I prefer using the word conscious..lol Regeneration comes without any consciousness on man's part. We are not even aware of it. faith, repentance, sanctification, and glorification, man is conscious of this operation.


----------



## TeachingTulip (Jan 13, 2010)

KMK said:


> TeachingTulip said:
> 
> 
> > rbcbob said:
> ...




"We" can, indeed! 

For example, I believe that even though faith is a gift and repentance is granted by God, a believer's faith and repentance are manifested through his very actions.


----------



## cih1355 (Jan 20, 2010)

Salvation is a broad term that includes election, effectual calling, regeneration, conversion, justification, adoption, sanctification, glorification, and so on. Salvation has different aspects. 

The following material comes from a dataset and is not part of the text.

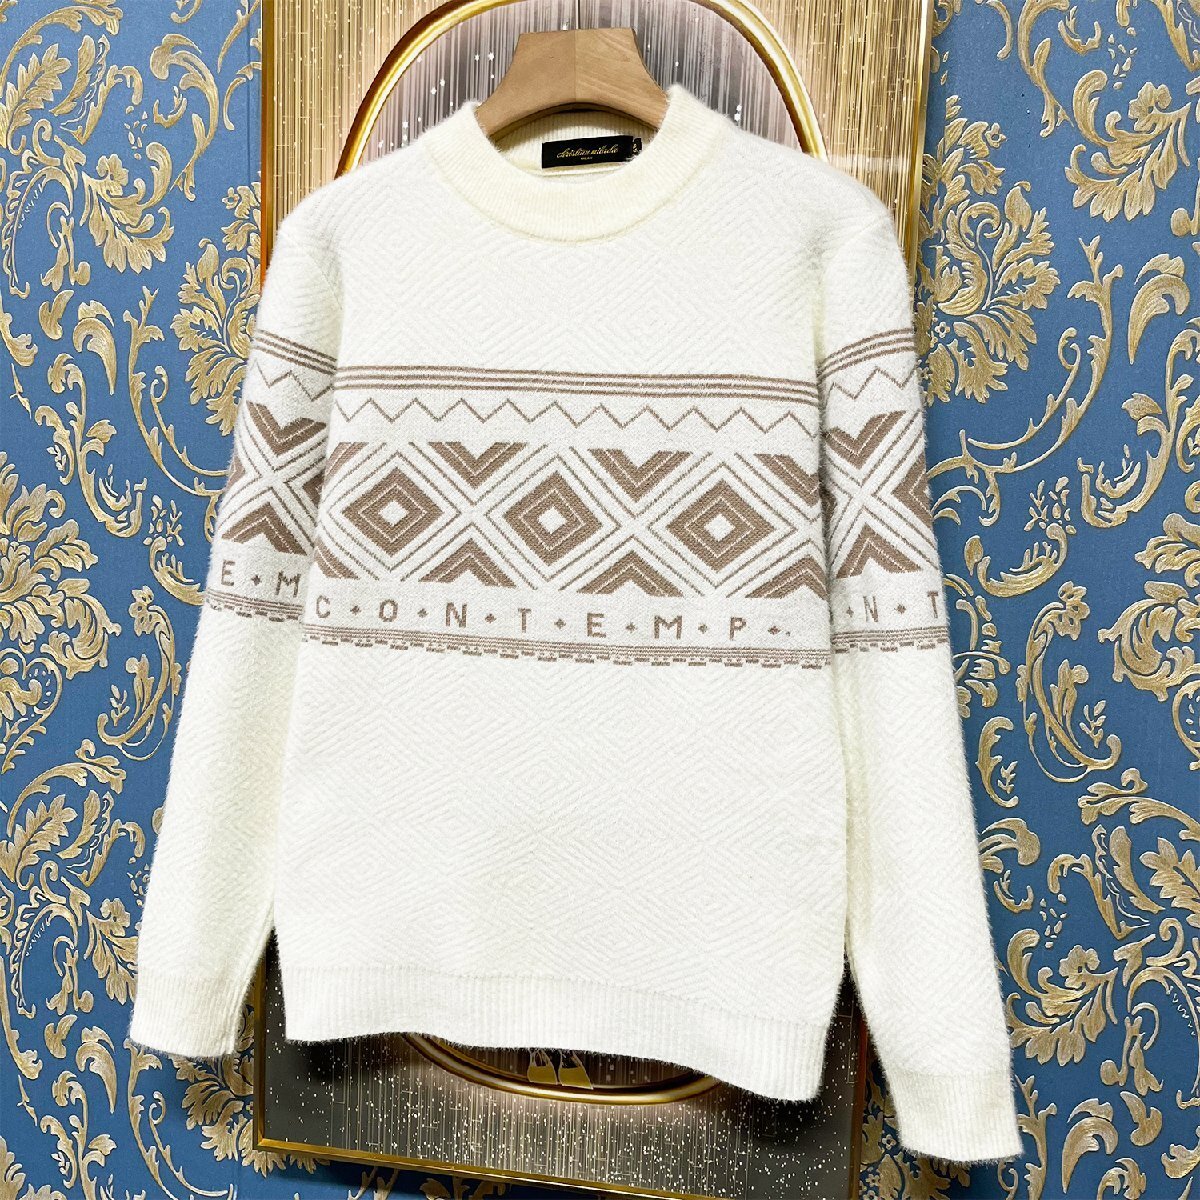  highest grade EU made * regular price 3 ten thousand *christian milada* milano departure * sweater * protection against cold warm soft length of hair total pattern . what . knitted pull over autumn winter XL/50

Being born again is the same as regeneration, which has to do with the creation of new life.


----------



## etexas (Jan 20, 2010)

I do not have an "issue" using born again.....AS LONG as the proper context is used. If a fellow Reformed Christian who was solid in grasping a solid Biblical based understanding at "worst" I would simply view it as "short-hand", on the flip................if someone were hazy on the idea, I might ask for clarification. To me it would be the "context".


----------



## dudley (Feb 13, 2010)

*I believe one must be born again first*

Therefore, if anyone is in Christ, he is a new creation; old things have passed away; behold, all things have become new.

II Cor. 5: 17

My conversion was being born again and regenerated. When I accepted Christ alone as my savior and believed that His Redemptive act on Calvary alone would save my sinful natured self, I was born again and regenerated. There was nothing I could do to save myself. I believe I was saved when I made a public confession of faith as a Reformed Protestant in the Presbyterian church. 

Thus I believe being saved and being born again coincide with each other, but I believe one needs to be born again first than by professing faith in Christ alone one is saved.


----------